6. Interactions over Technology
Many camps require you to leave your phones at home. This one didn’t, but not one of the activities involved screens, phones, or tablets of any kind. My son went to one last summer where there were no phones, and he said that it took a day or two to get used to, but that the rate at which people made friends was greatly accelerated because kids were actually talking to each other. For schools that are on the fence about removing phones, camps provide a strong argument for the benefits of in-person interactions.

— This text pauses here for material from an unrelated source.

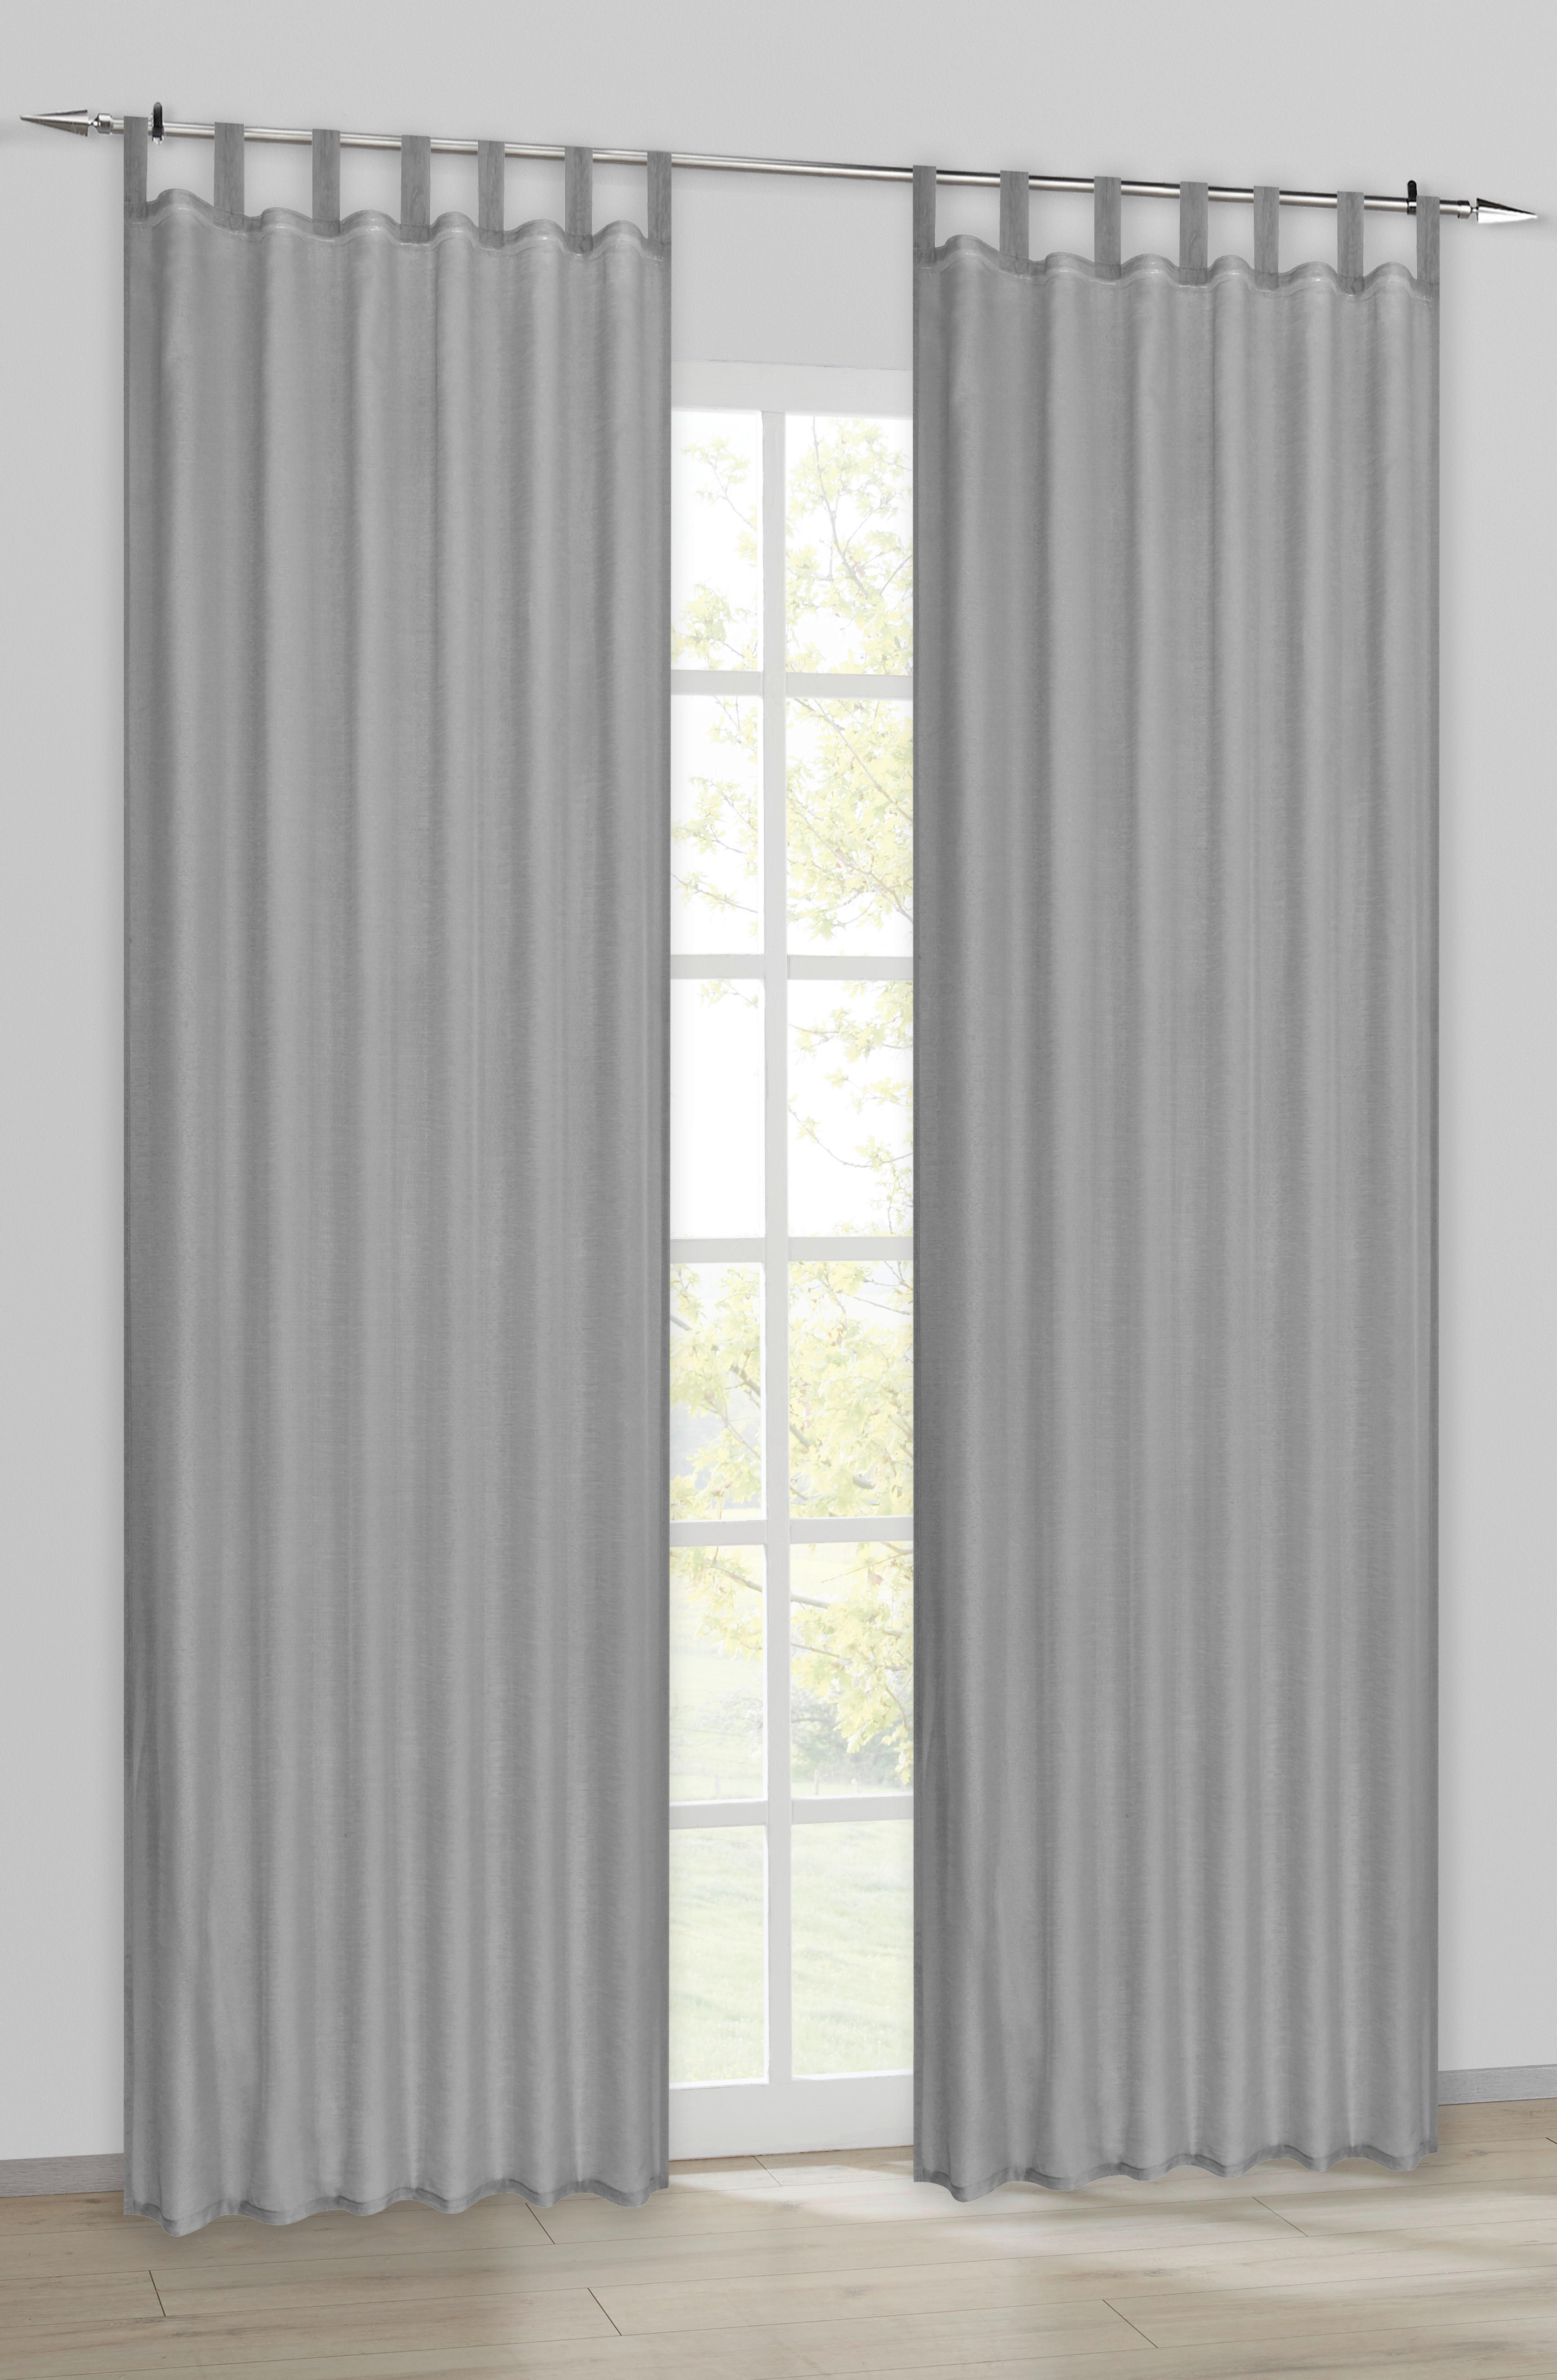 Kombivorhang Pearl grau B/L: ca. 135x245 cm Pearl - grau (135,00/245,00cm) - ACUS design collection

7. A Spirit of Playfulness
I have a soccer coach friend who likes to say that he takes the work seriously but he doesn’t take himself too seriously. That is camp in a nutshell. If you talk to people who run camps, they will tell you they have serious goals for their young people, but they go about their day-to-day with a certain playfulness, When you’ve seen someone with their face in a watermelon or an Oreo skittering down their forehead, you are connected to them in a deeper way. Music also breaks the 4th wall: I’m always struck by the fact that the only place music plays reliably in school is in the art room; why is it verboten in the rest of school? The ability to make fun of ourselves—not just kids, but adults too—creates a different kind of space, one that is more human and more worth living.
We are in a moment where lots of people are trying to reinvent school, looking to technology, competency-based schooling, and more for solutions. But we already have this more than century old institution that has figured out a lot about how to organize for human development. Let’s see what we can learn before we entirely reinvent the wheel.
Photo at top by Hannah Barata on pexels.